Here, based on the rather mature research methods and experiments of Pseudomonas aeruginosa on microbiology, this study was aimed at developing a real time, in situ and nondestructive visual method to observe and reveal the processes of calcium carbonate biomineralization and mineral formation within P. aeruginosa biofilms and estimate the consequent variation of biofilms properties.
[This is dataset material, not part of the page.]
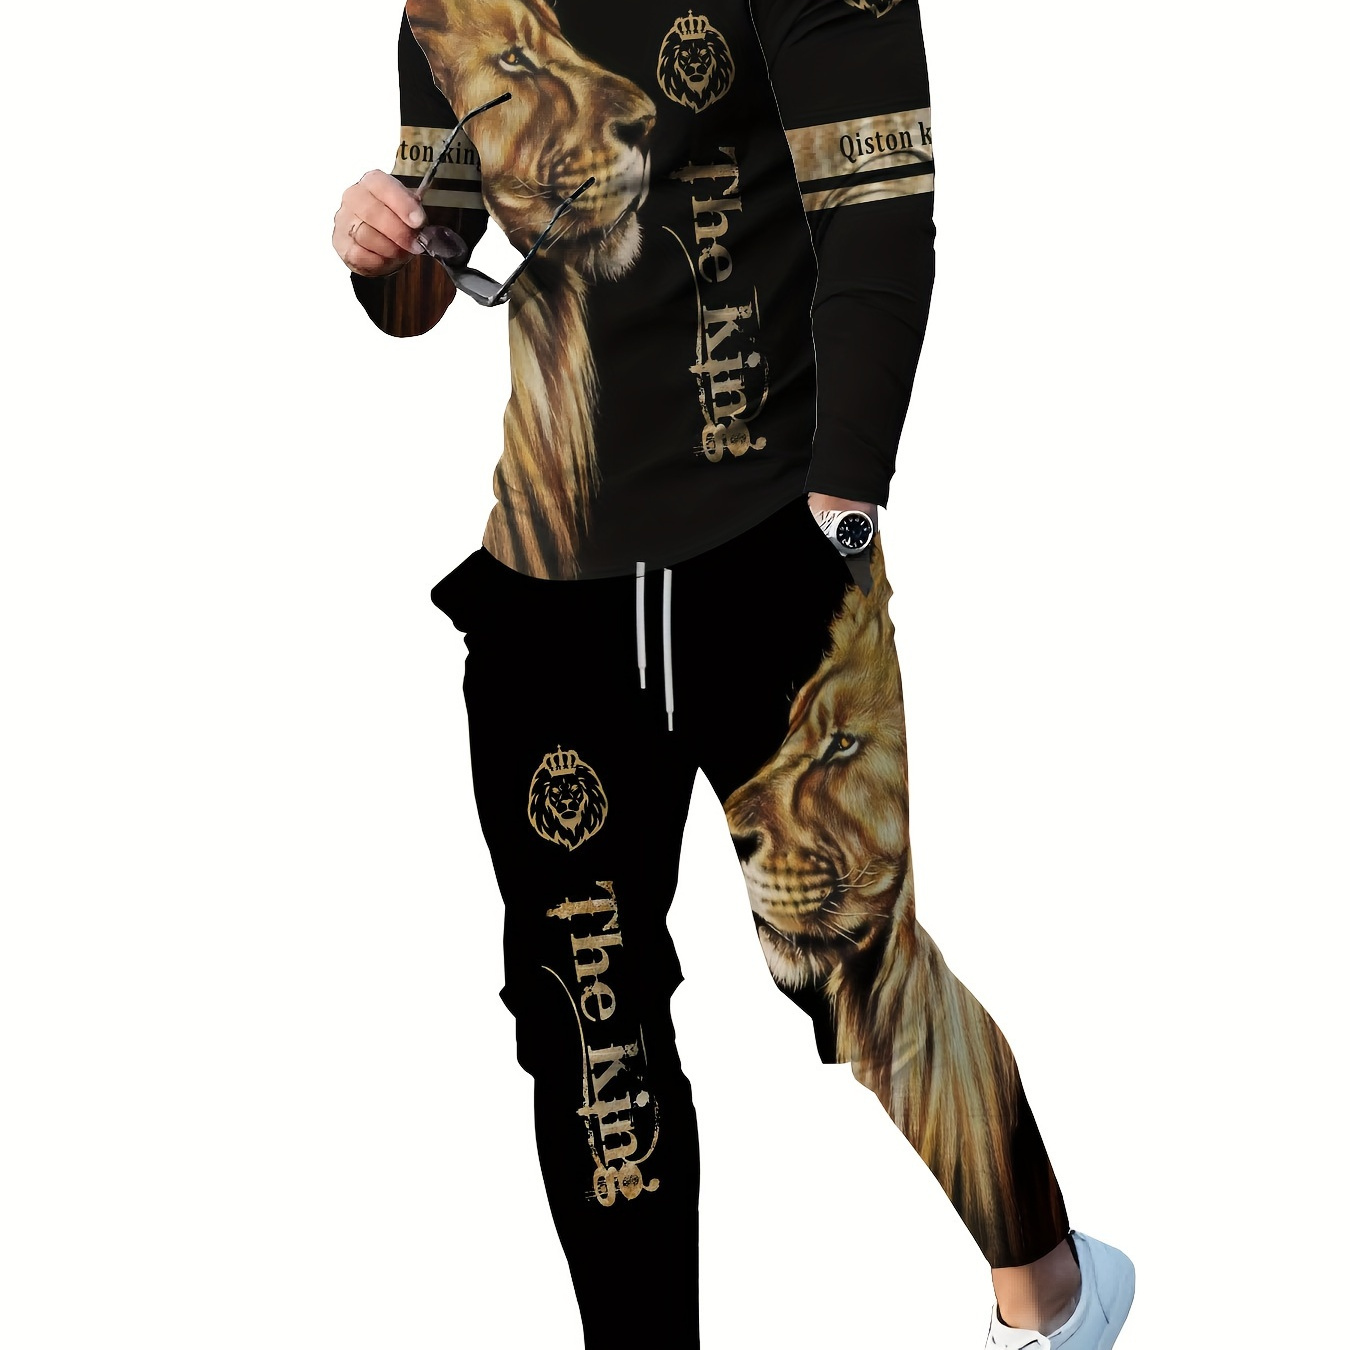 

Men's Casual Pajamas Sets, Lion Graphic Print Long Sleeve Crew Neck Sweatshirt Top & Loose Sweatpants Trendy Trousers With Pocket Drawstring Elastic, Outdoor Sets For Spring Autumn

We utilize microfluidic flow cell as a carrier to show images and processes of mineral formation resulting from biomineralization in order to present the spatial distribution of mineral deposit and influence on the biofilm structure by detaching cells.

Experimental systems set up

Experiments were carried out according to a novel designed flow cell (Fig. 1) consisted of glass cover slips and polydimethylsiloxane (PDMS) to achieve the whole processes of biofilm culture and reaction with biomineralization medium. Microbial colony growth and biomineralization processes were observed in this system, a double-inlet flow cell has two inlets for introducing two different fluids in order to achieve the chemical gradients within the flow cell under controlled conditions. The flow cells are composed of glass cover slips fixed on elastomer PDMS bodies. By the design of flow cell, the inner chambers and channels were all formed in PDMS. It supports continuous culturing of biofilms under a user-controlled growth medium, as described previously (Song et al. 2014), and glass cover slip supplies an even, strict, and transparent interface suitable for optical operation and further imaging.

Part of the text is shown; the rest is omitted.